Directions
Nothing but the lines from the one with "Mission News May 2014" through the end of the data should be set down, each exactly as written, and no picture should be included.

Source data
○ ○ ○ ○

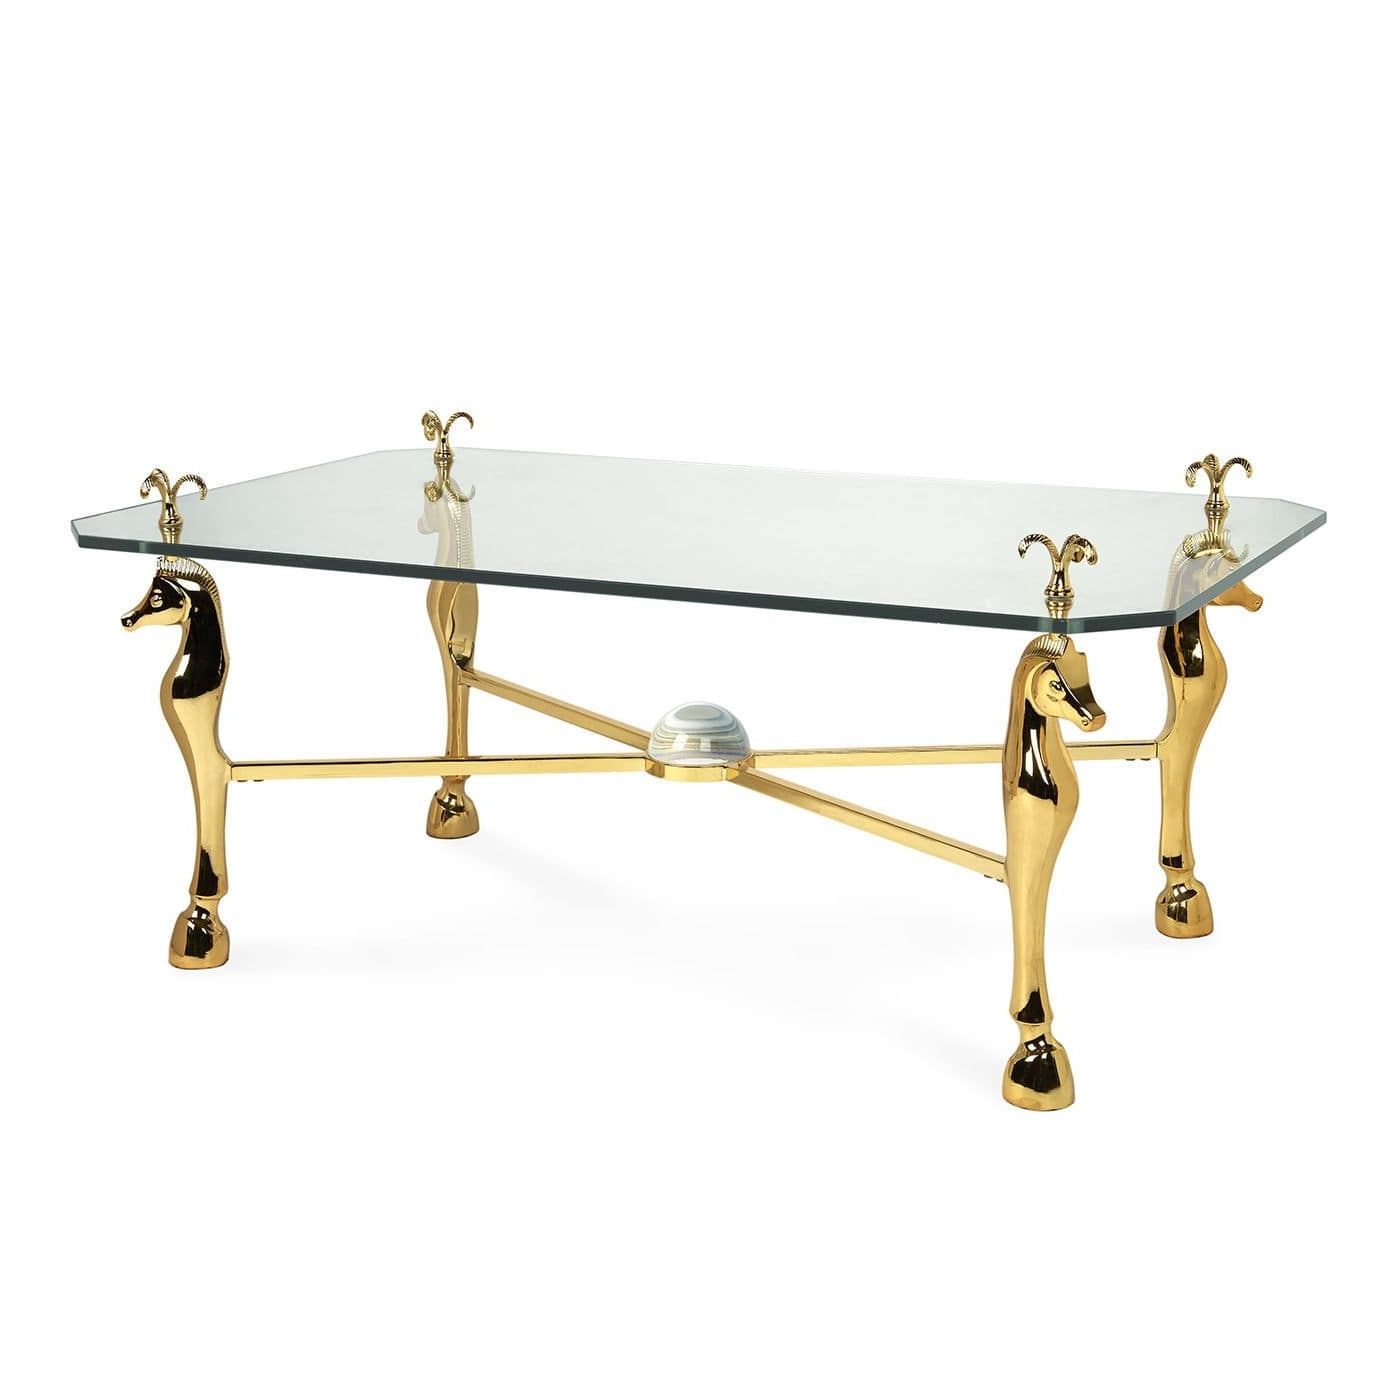 French Style Coffee Table / Tempered Glass / Polished Brass Inside Widely Used Acrylic Glass And Brass Coffee Tables (View 12 of 20)
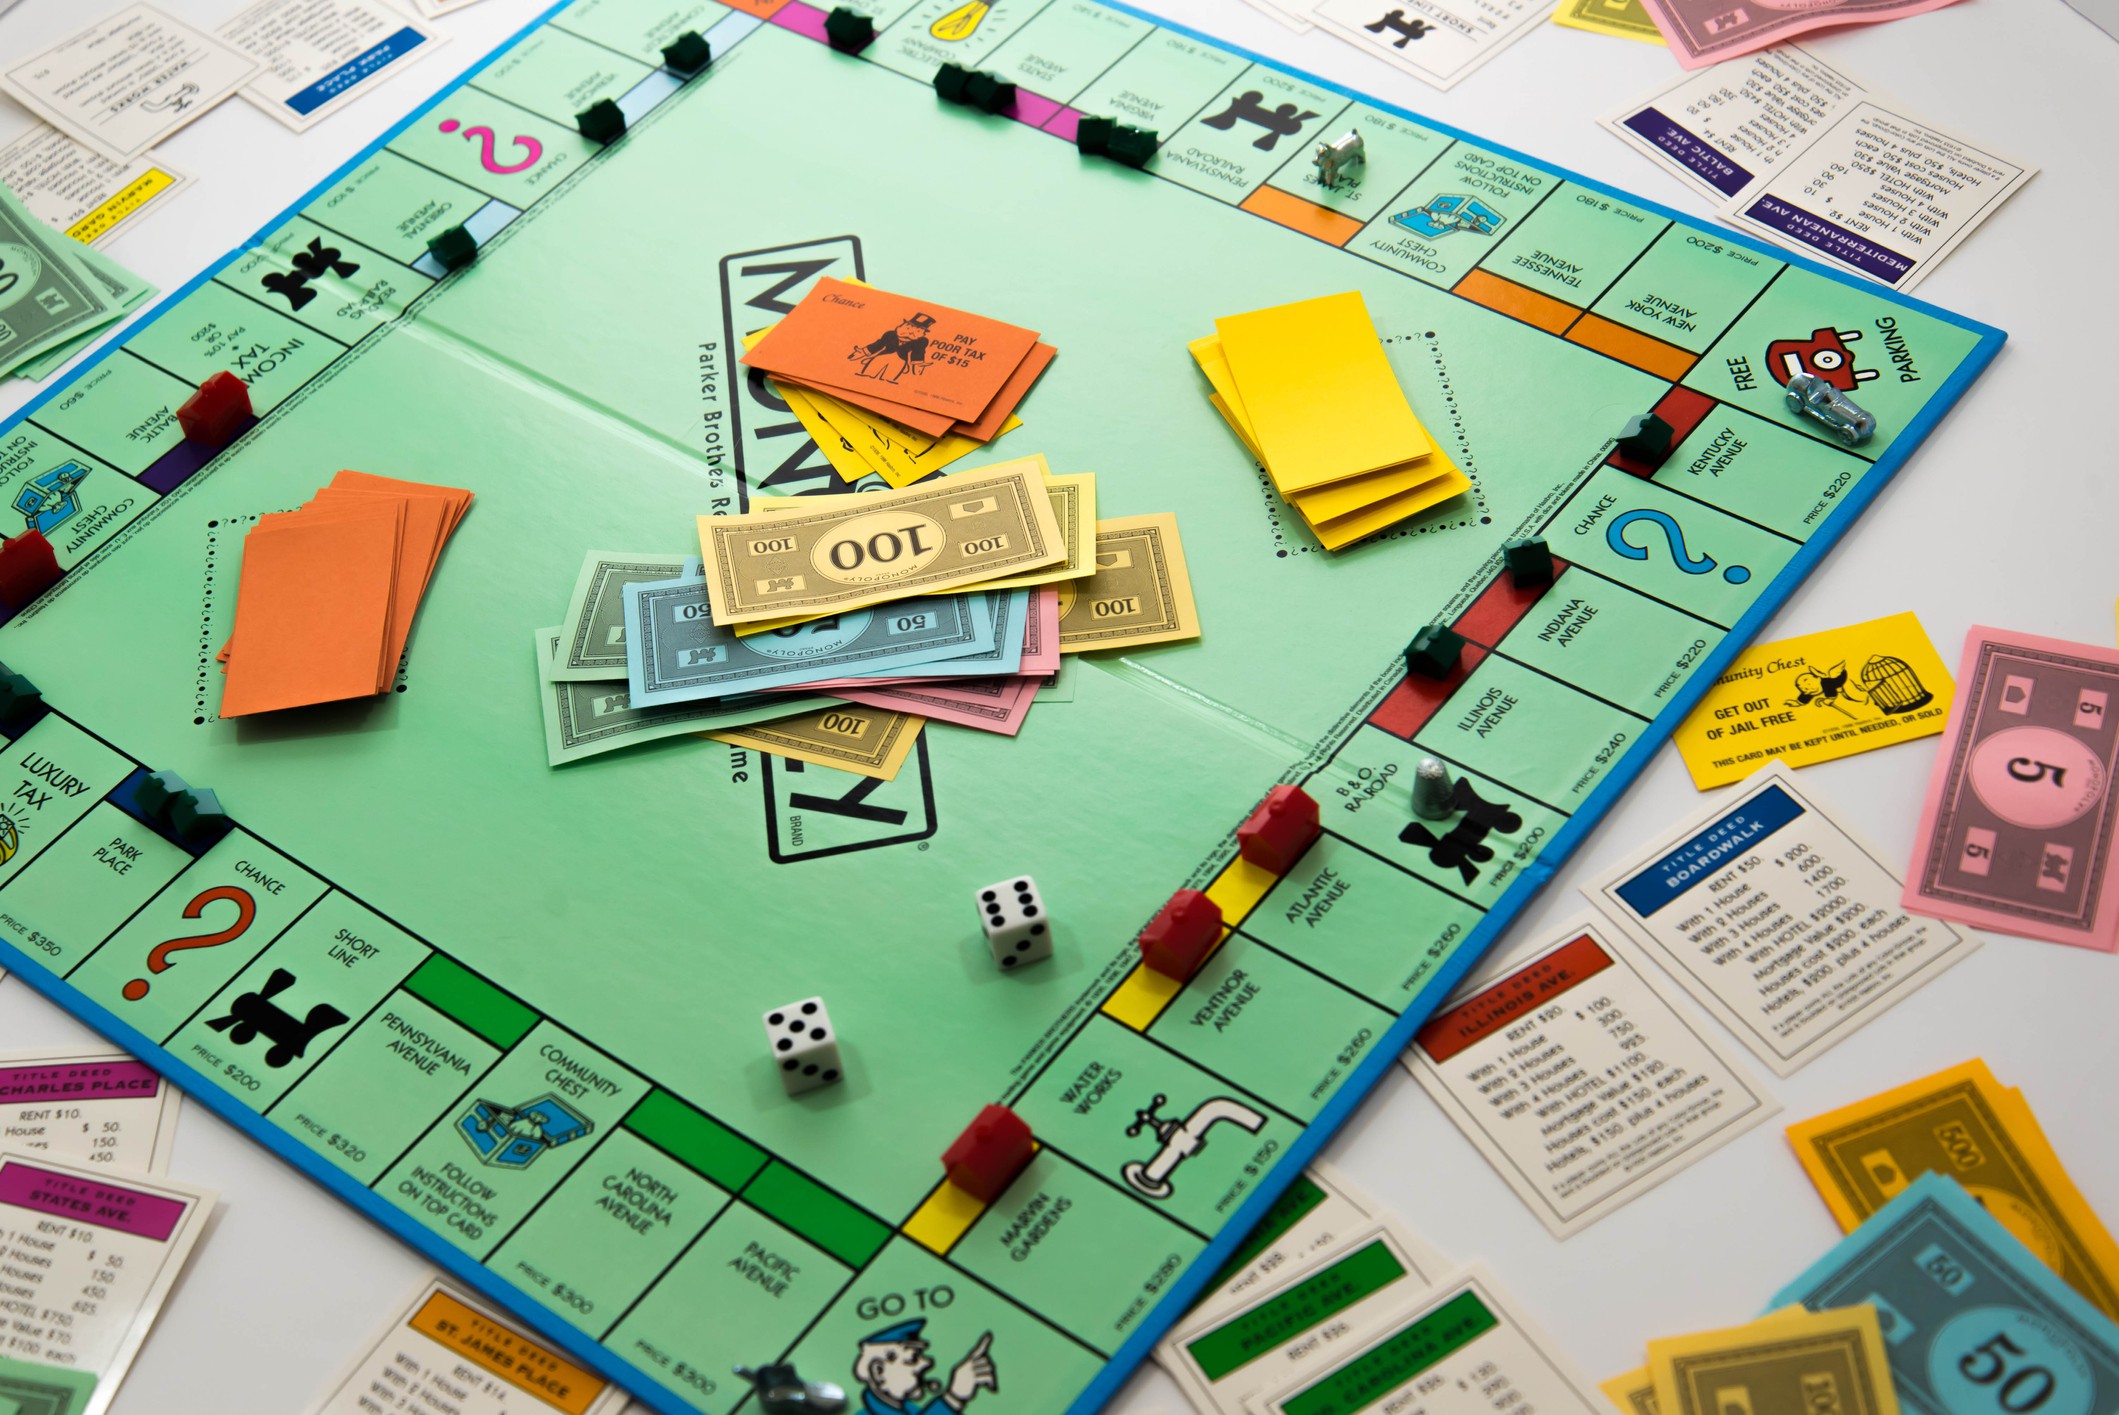 Play These 11 Fun Board Games Online with Friends in 2022 - MPL Blog
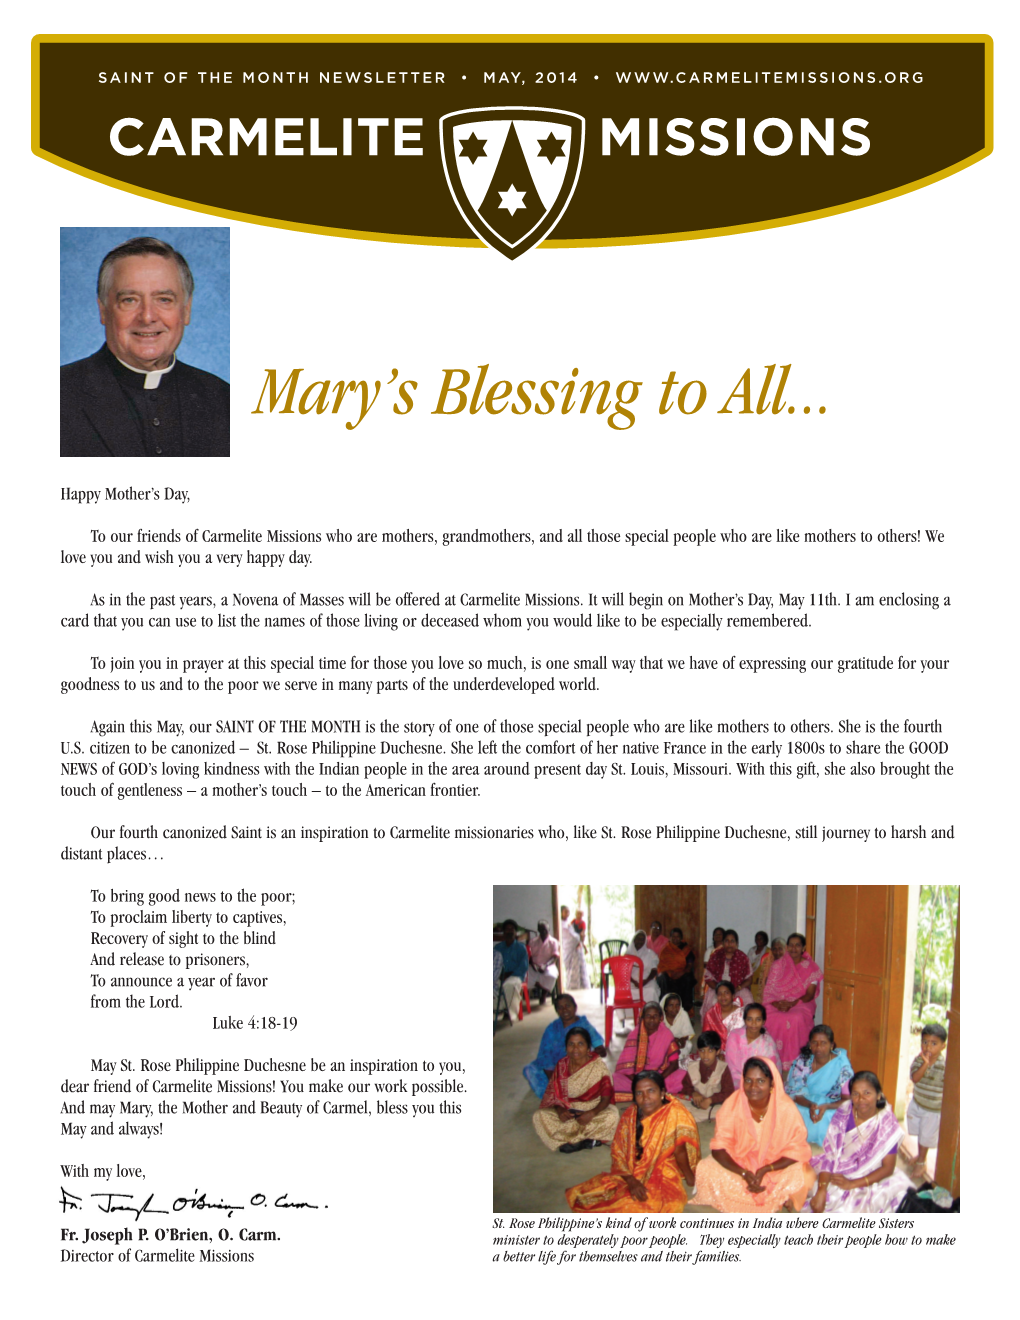 Mission News May 2014
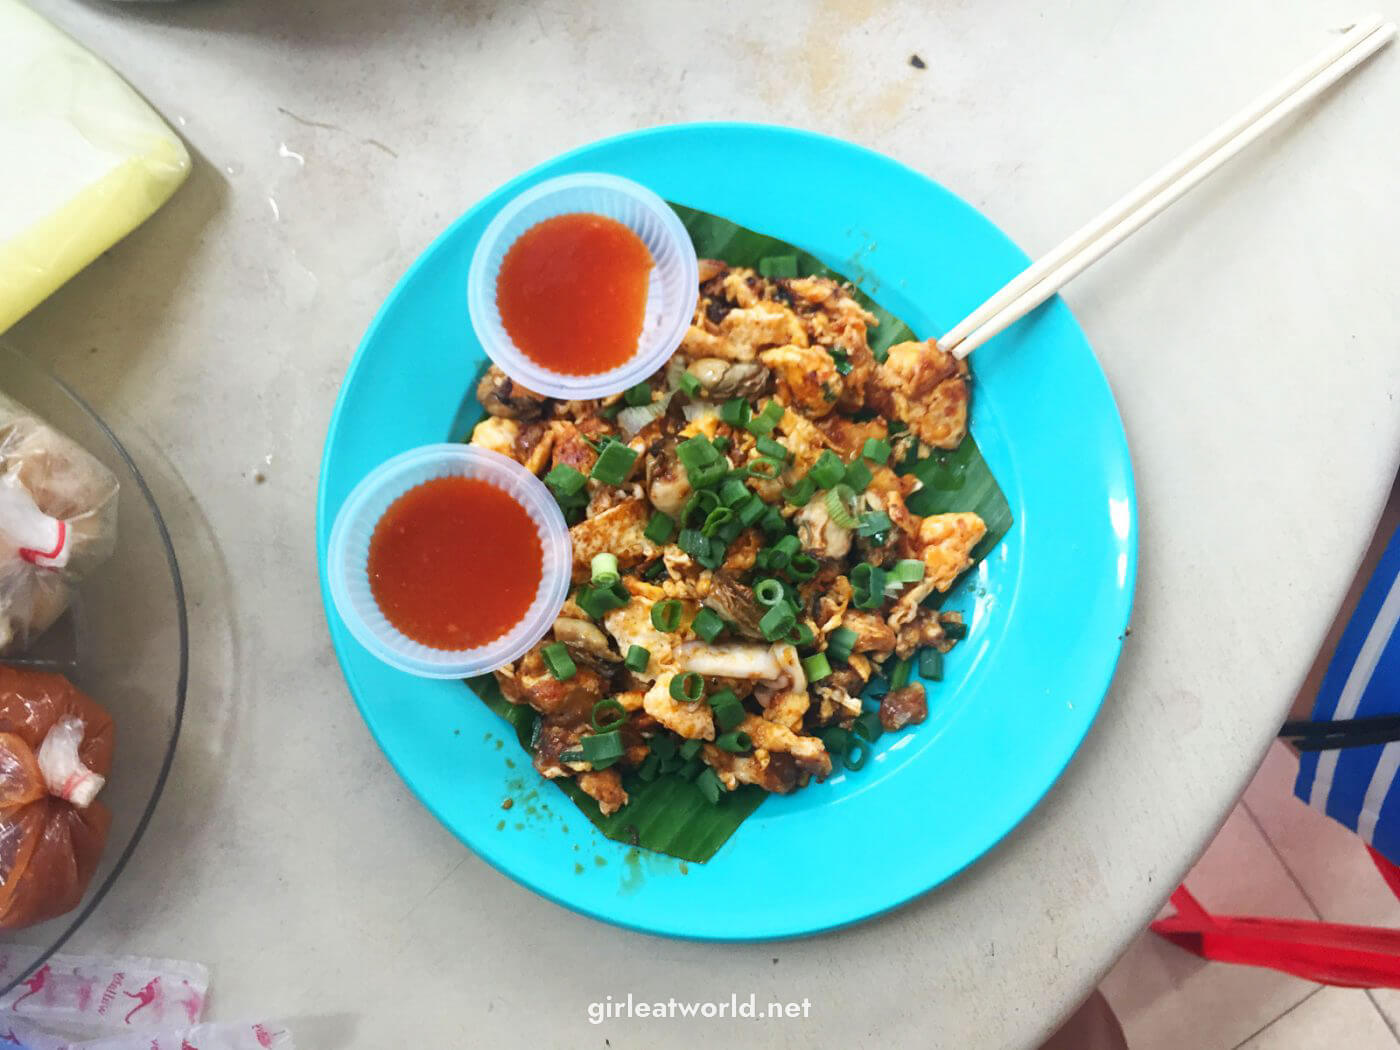 Penang Food Guide - Oyster Omelette at Lorong Selamat

○ ○ ○ ○

Result below
 Mission News May 2014
 Penang Food Guide - Oyster Omelette at Lorong Selamat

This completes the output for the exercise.